Когда начались судороги, он сжал руками мою талию и напрягся. Я чувствовала, что мой рот раскрыт, но из него не вырывается ни звука. Я не могла вздохнуть, боясь, что все может закончиться. Я закрыла глаза. Было так странно: я не то чтобы забыла про Мэтта – это было невозможно, – но я не осознавала ни себя, ни его. Я забыла, где я и что со мной, когда в порыве восторга по моему телу побежали, чередуясь, холодные и горячие волны. Где-то внизу снова началось движение, более сильное, чем раньше. Мэтт издал странный полузадушенный звук.

Из моего горла вырвалось: «Да!», и это было практически больно. Оно звучало не победительно, как в кино, а тихо-тихо. Эйфорически.

Прежде чем я упала на Мэтта, полностью обессилев, в моем мозгу пронеслась единственная мысль. Я просто обязана заполучить ту книжку, которую ему дала его мама.

Спустя минуту Мэтт пошевелился подо мной. Я лежала, распластавшись на нем. Он поцеловал меня в макушку и глубоко вздохнул.

– Нам пора идти, да? – пробормотала я, уткнувшись лицом в изгиб между его плечом и шеей.

– Да, лучше бы пойти. Хотя я бы не возражал остаться с тобой тут на весь день. Даже идея провести Рождество в Нью-Йорке кажется мне совсем неплохой.

– И тебе не будет жаль не провести Рождество с родными?

– Нет, – увереннно ответил он.

– Нет?

– Ну разве что будет жаль не встретиться с мамой. Но я бы точно не скучал по чопорным обедам с моим противным братцем.

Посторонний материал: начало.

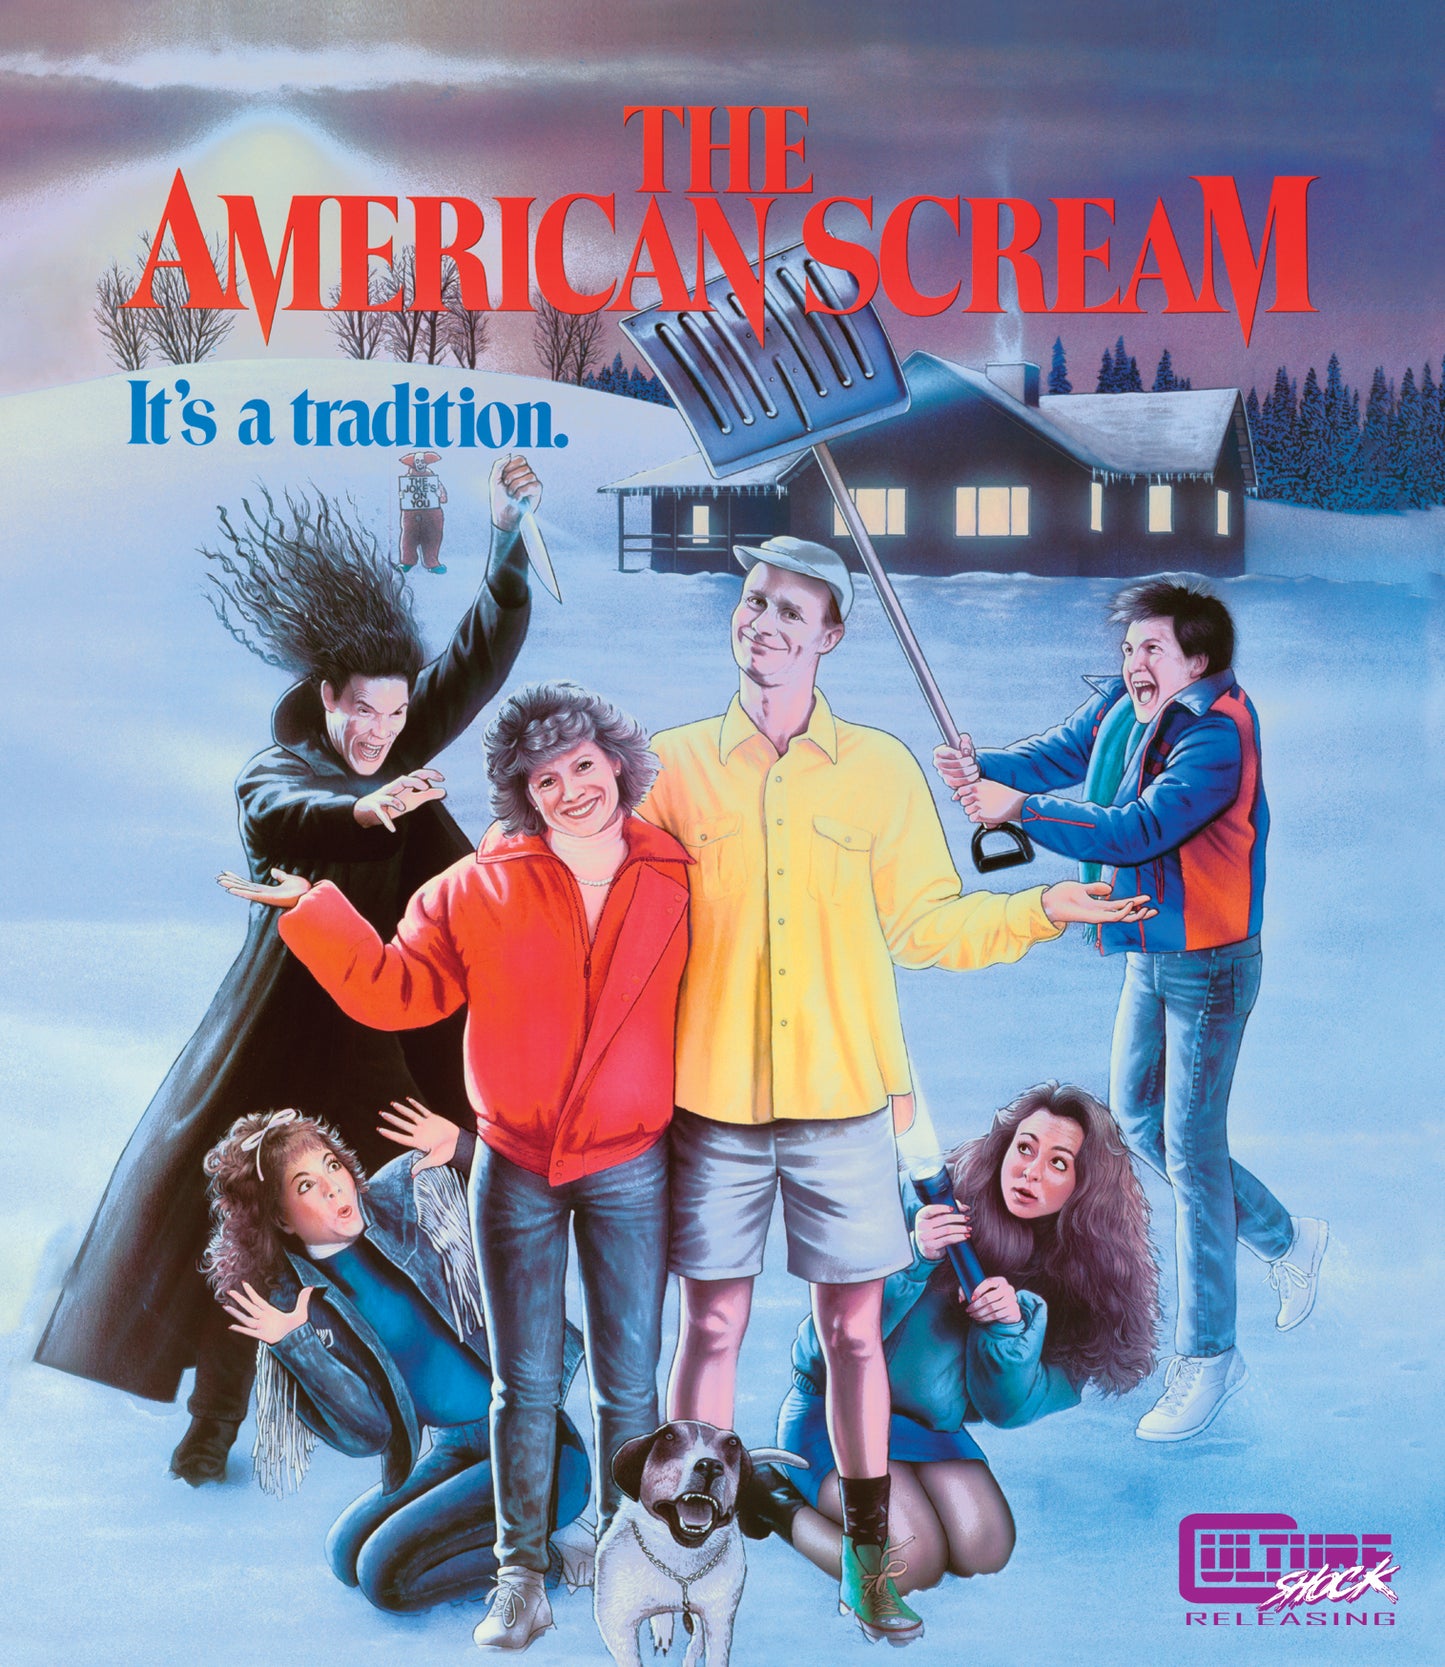 American Scream [Blu-ray] cover art

– Как вышло, что вы с ним такие разные?

Он перевернул меня на спину и соскочил с кровати.

– Наверное, мне повезло, – сказал он с небрежной улыбкой. – Я в душ.

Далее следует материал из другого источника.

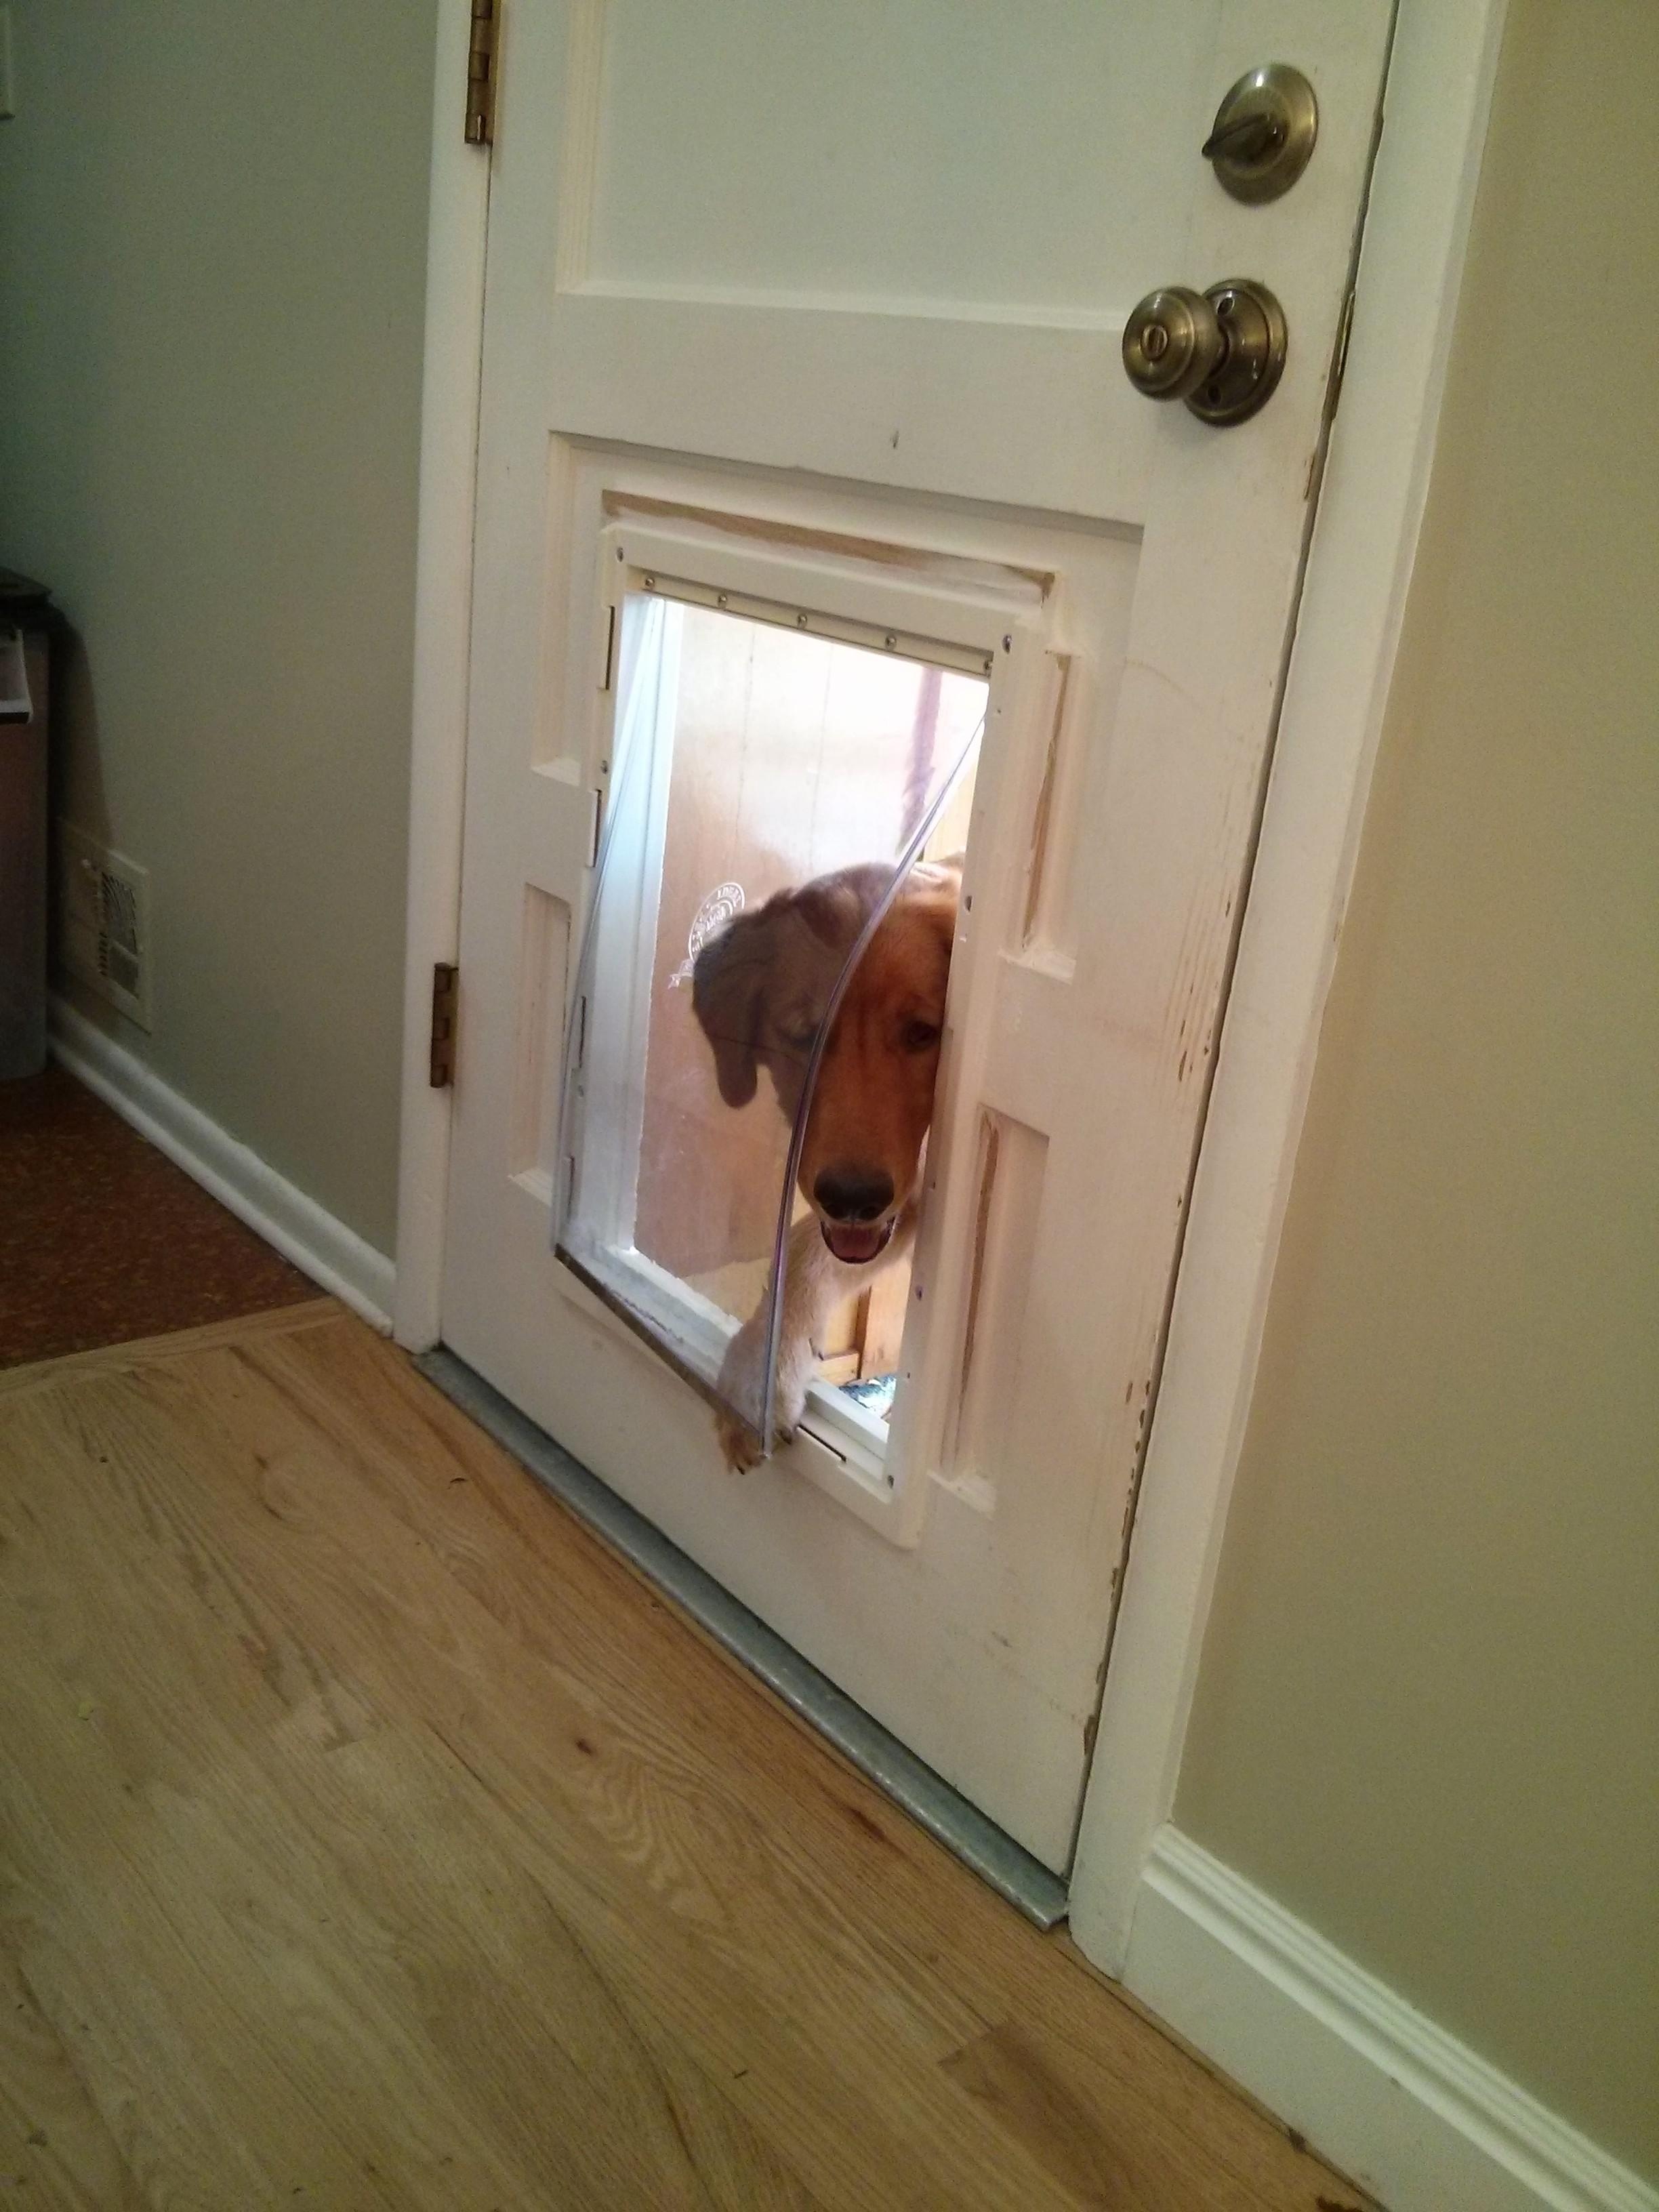 Golden retriever, Bender, poking just his head through a dog door

Я смотрела на его прекрасную спину. Даже в утреннем полусвете на ней можно было различить четко очерченные мускулы.


По пути в аэропорт я заснула на заднем сиденье в такси, положив голову Мэтту на плечо.

– Просыпайся, малыш. Приехали. – Мэтт глянул на часы. – Черт, надо бежать.

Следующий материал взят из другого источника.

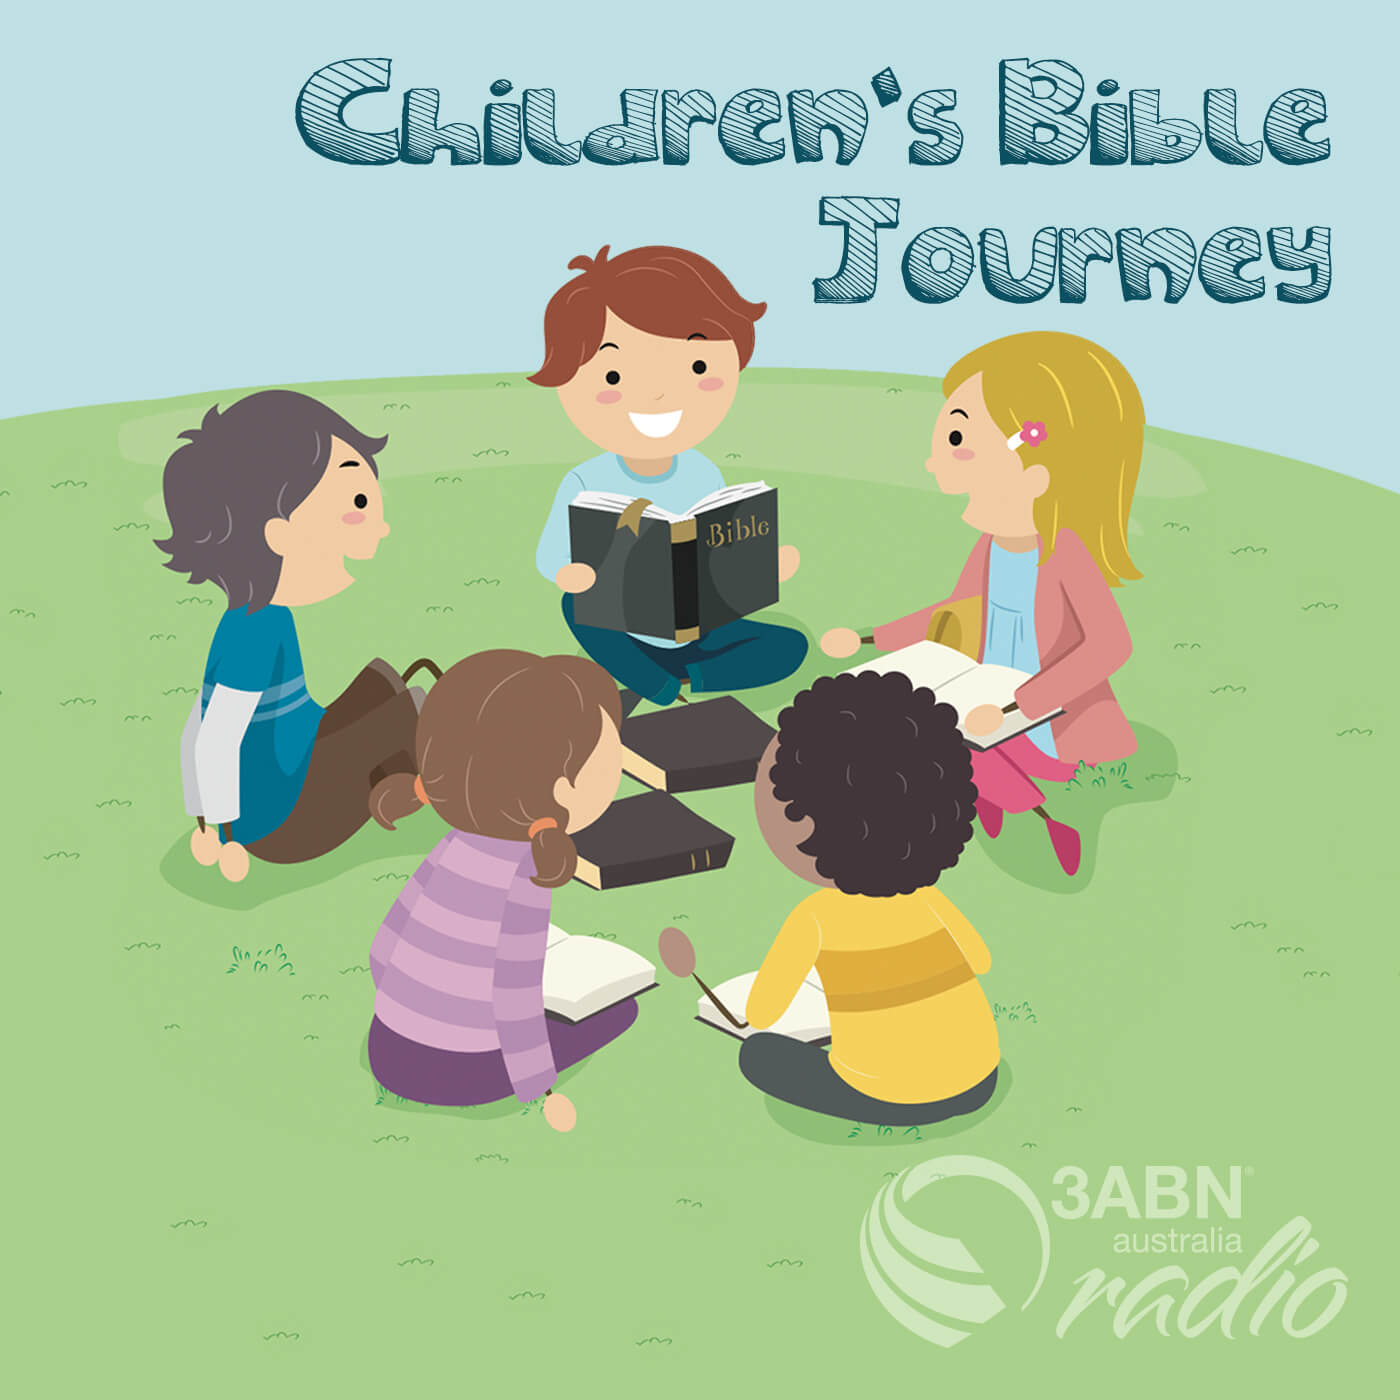 Children's Bible Journey - 2141

Он выхватил из багажника свою сумку и мой маленький чемодан на колесах. Мы проскочили регистрацию, и, не успела я моргнуть глазом, как мы уже оказались в самолете. Мне досталось кресло в середине, а Мэтту – у окна. Я снова упала ему на плечо и заснула, не дожидаясь взлета.

Где-то на середине полета я проснулась, потому что нас немного тряхнуло. Мэтт спал, надев наушники. Я пошла в туалет, а когда вернулась, Мэтт заказал нам по «Кровавой Мэри». Я снова села рядом с ним. Он смотрел на меня сияющими глазами.

– Грейси, – сказал он, протянув мне стаканчик.

– Маттиас, – ответила я. Электричество между нами никуда не исчезло.

– Я взял тебе двойной.

– Я никогда раньше это не пробовала, – сказала я, застегивая ремень. – Но однажды надо попробовать все.

Я отпила глоток и удивилась, как мне понравилось сочетание остроты и соленого томатного вкуса:

– Алкоголь вообще не чувствуется.

– В этом вся штука, – засмеялся Мэтт.

Я повернулась и посмотрела ему в лицо. Под глазами у него были темные круги, а волосы торчали во все стороны. Но он все равно умудрялся выглядеть страшно привлекательно. Он тоже отпил глоток, взглянул на меня и разулыбался: «Хорошо, а?» Его голос был тихим и с такой хрипотцой, что у меня побежали мурашки по всей спине и ниже, туда, в пространство между ногами.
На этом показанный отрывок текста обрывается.